There are various types of compound semiconductor devices. Among them, a high electron mobility transistor (HEMT) can easily achieve a higher output as well as a higher frequency, and is used in an application such as a base station for mobile telephones by exploiting these characteristics.
In the HEMT, a two-dimensional electron gas induced in an electron transit layer serves as a carrier. There are various materials for the electron transit layer. For example, when a nitride semiconductor material such as GaN is used as the electron transit layer, a withstand voltage of the HEMT can be enhanced by a large bandgap inherent to the nitride semiconductor.

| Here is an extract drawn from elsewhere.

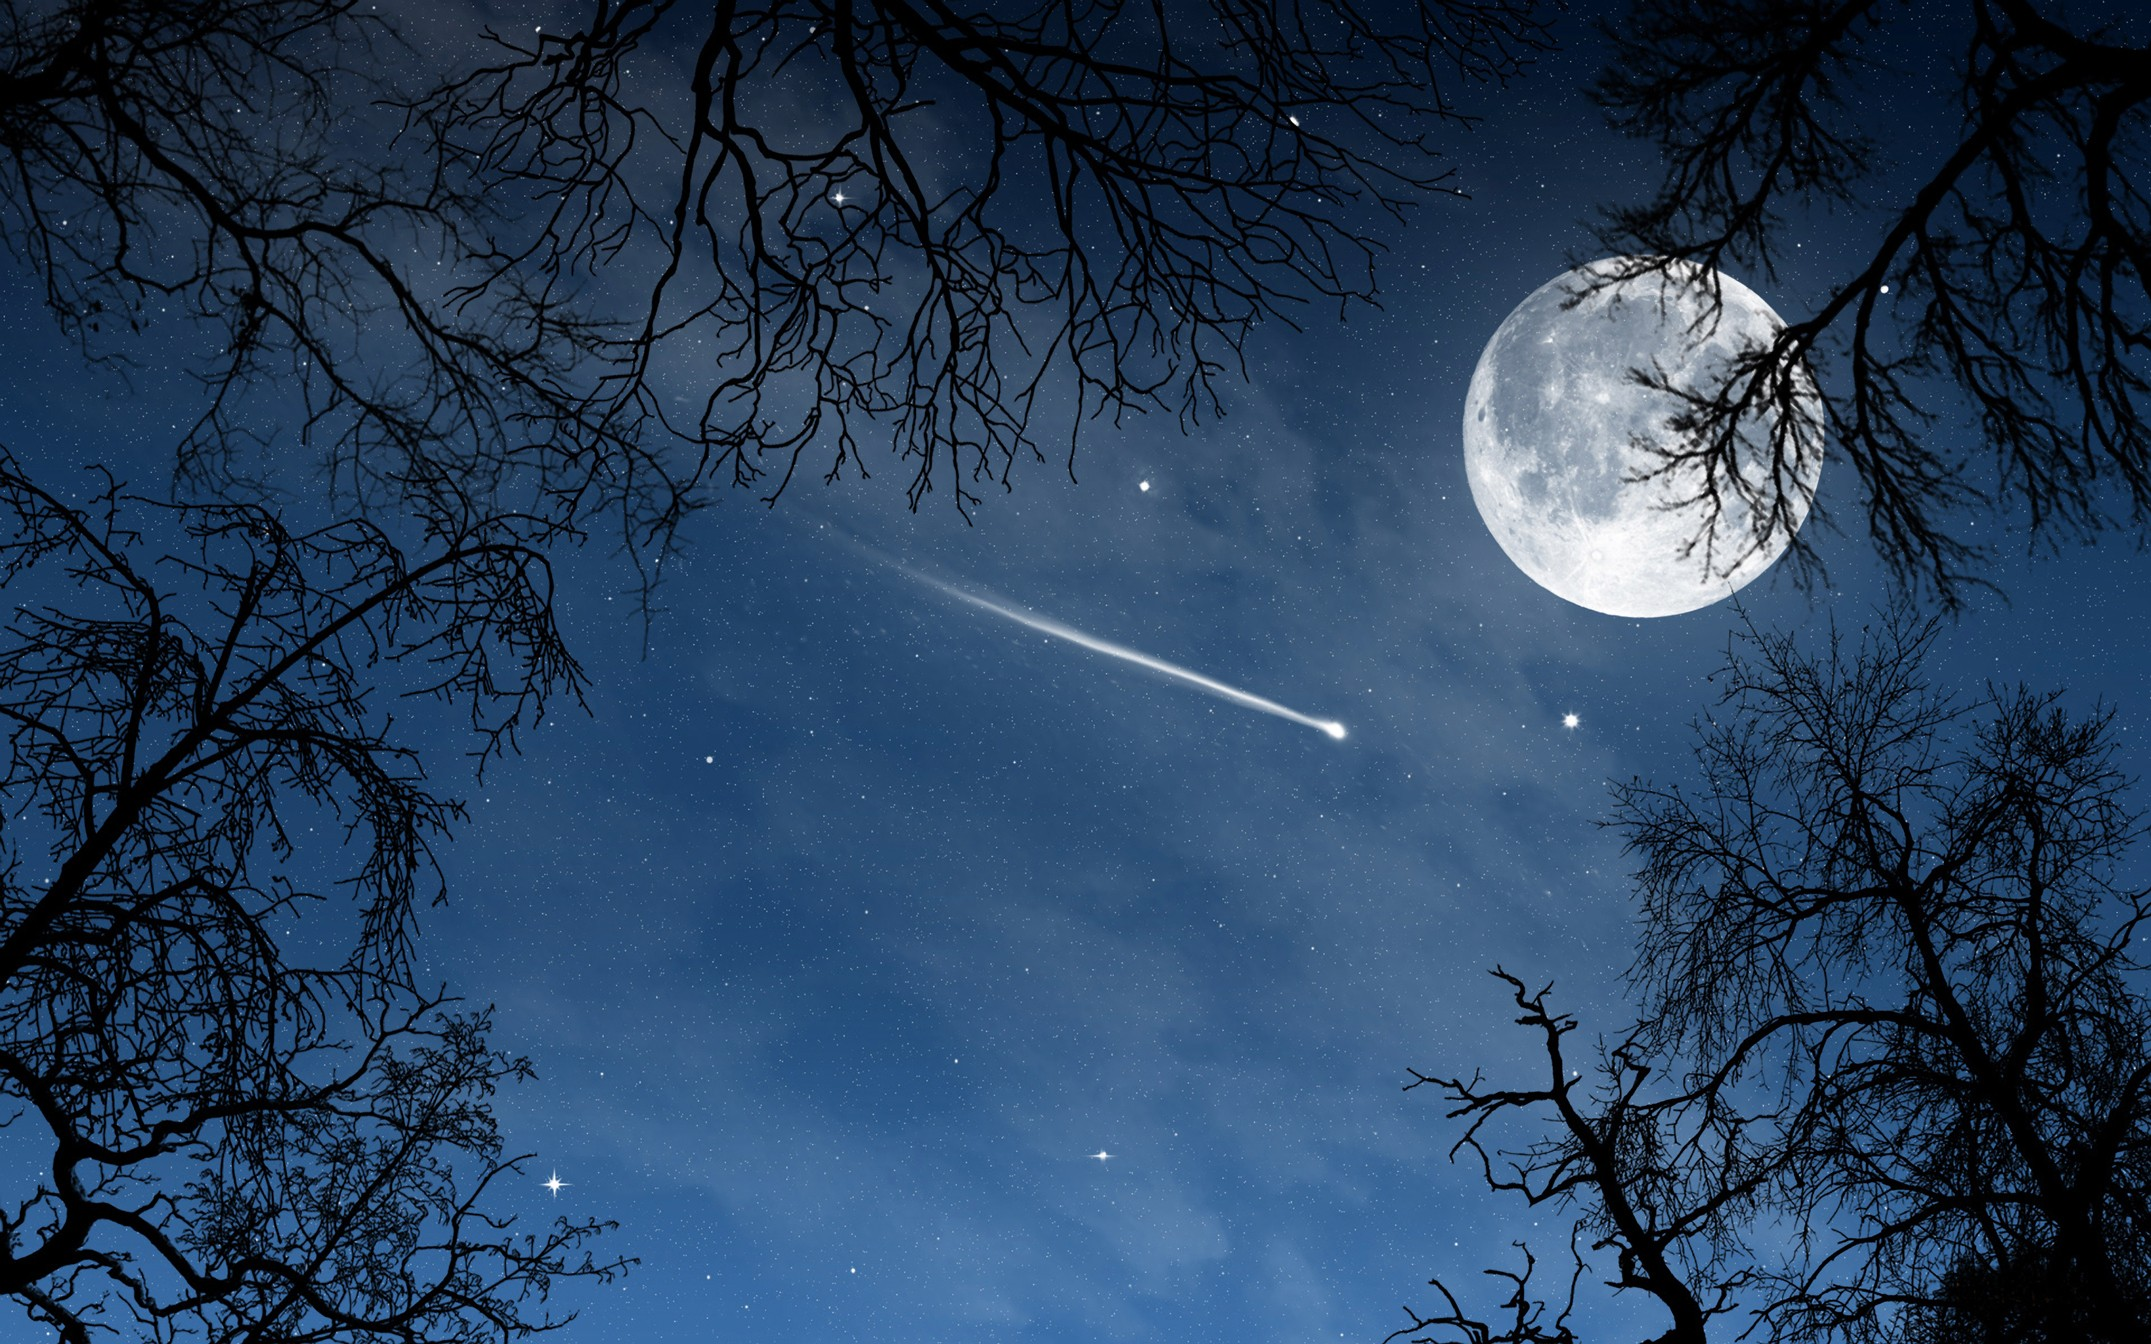 La luna llena y un cometa - 2151x1344
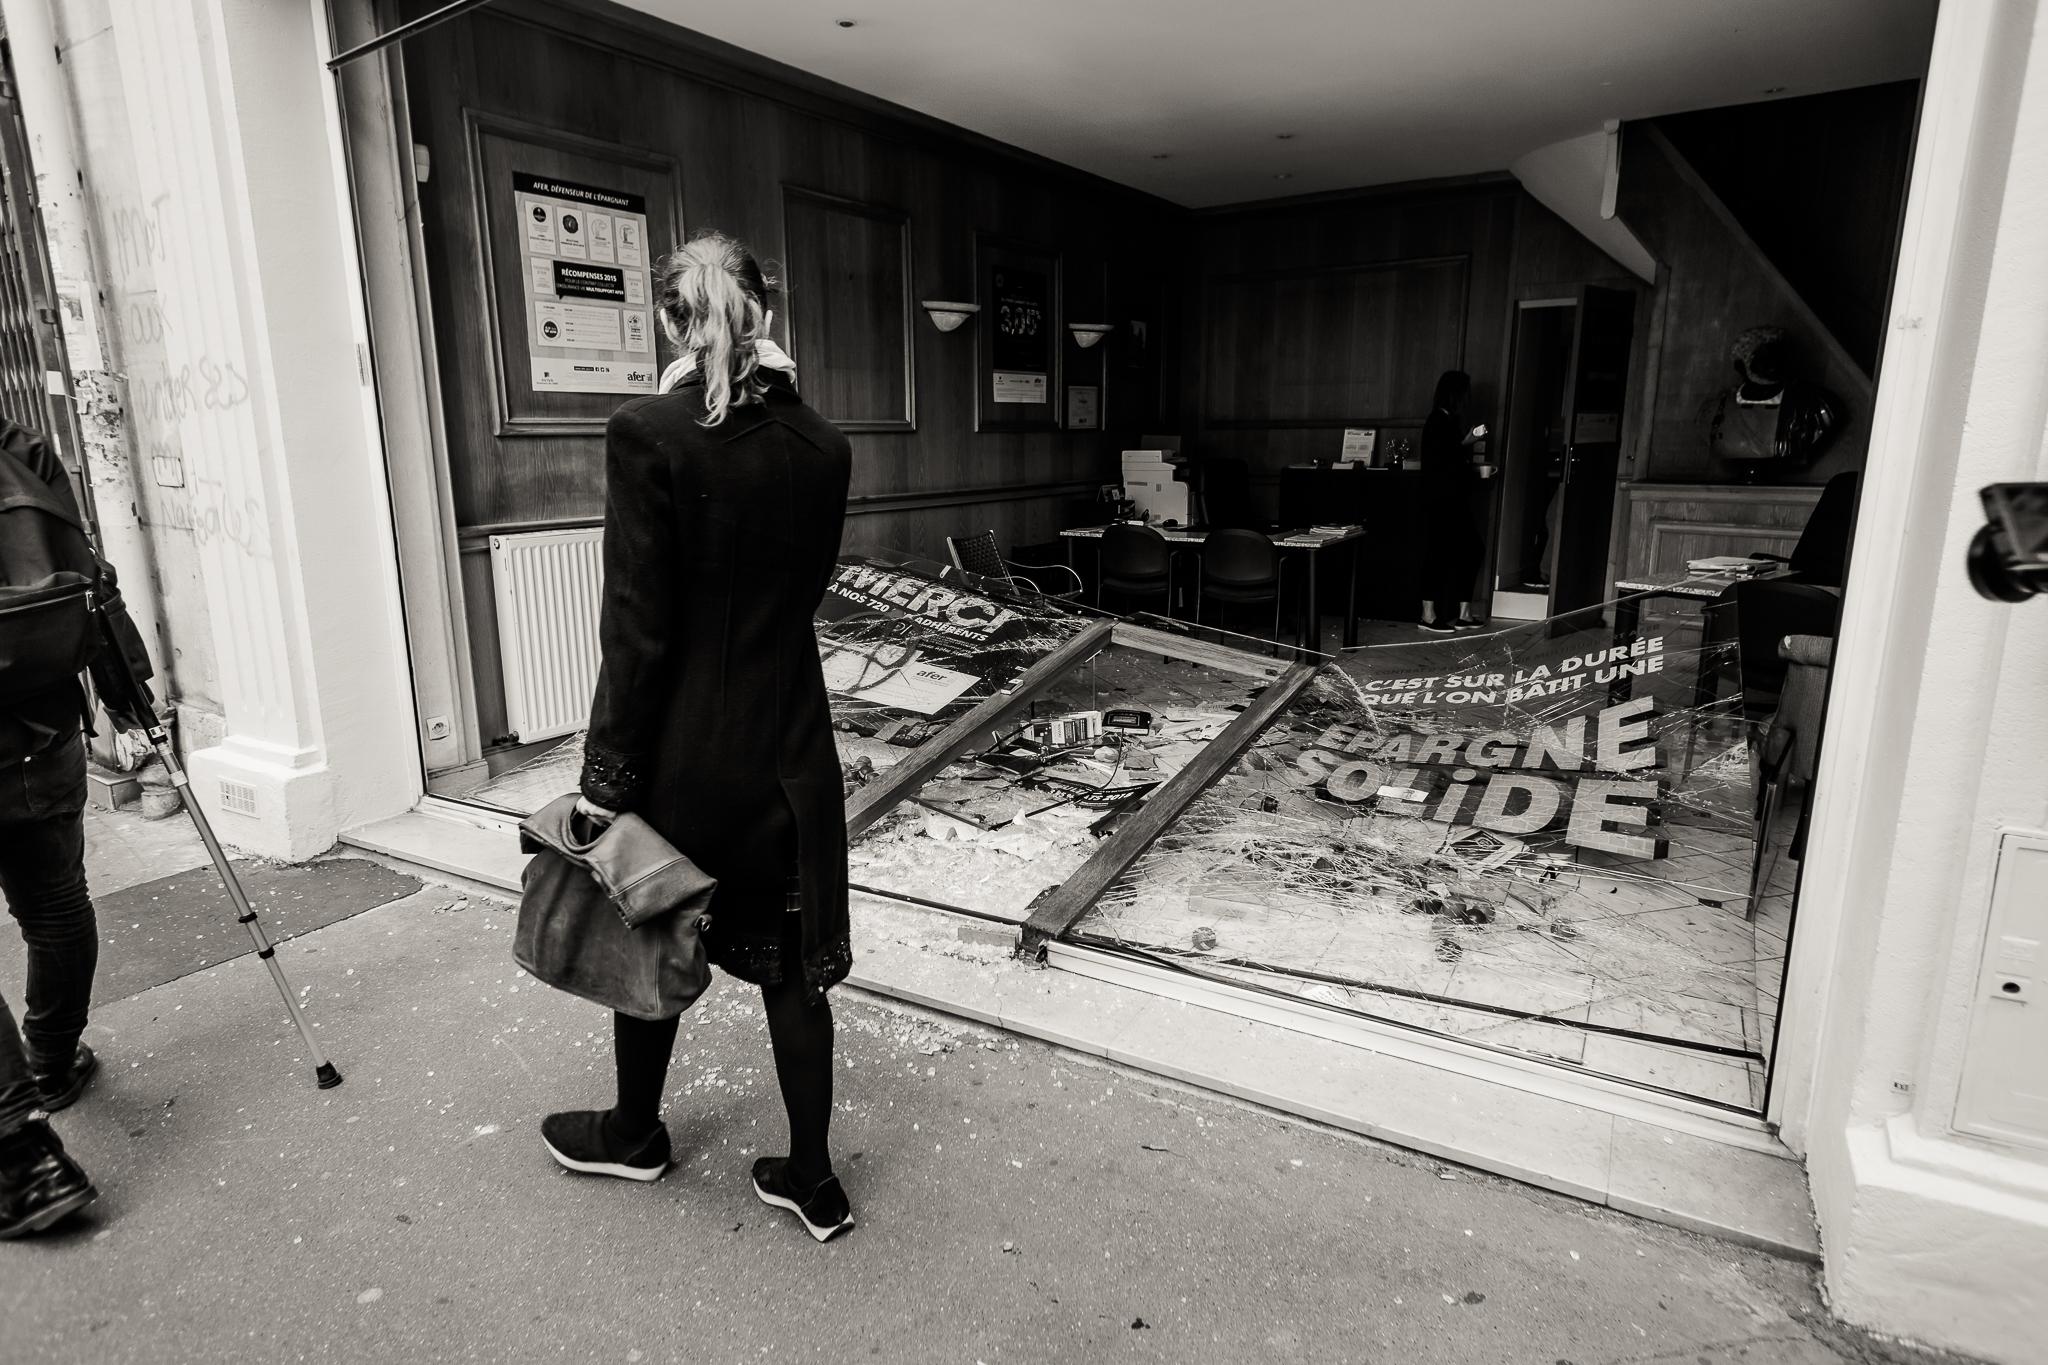 MO_Paris_Manif-56

In order to induce the two-dimensional electron gas in a GaN layer of the electron transit layer, an AlGaN layer with different lattice constant than that of GaN layer and induces the polarization may be formed on the GaN layer. In this case, distortion is generated in the AlGaN layer due to the difference in lattice constant between the AlGaN layer and the GaN layer. Then, by piezoelectric polarization in the AlGaN layer generated due to this distortion and by spontaneous polarization of the AlGaN itself, it is possible to induce the two-dimensional electron gas in the GaN layer of the electron transit layer.
However, in the HEMT device, a short-channel effect occurs in some cases. The short-channel effect is a phenomenon in which threshold voltage decreases and a drain leakage current flows as well, when the gate length is made short. The short-channel effect is one of the factors that prevent the higher output of the HEMT.
Note that techniques related to the present application are disclosed in Japanese Laid-open Patent Publications No. 2013-206976 and No. 2013-74211.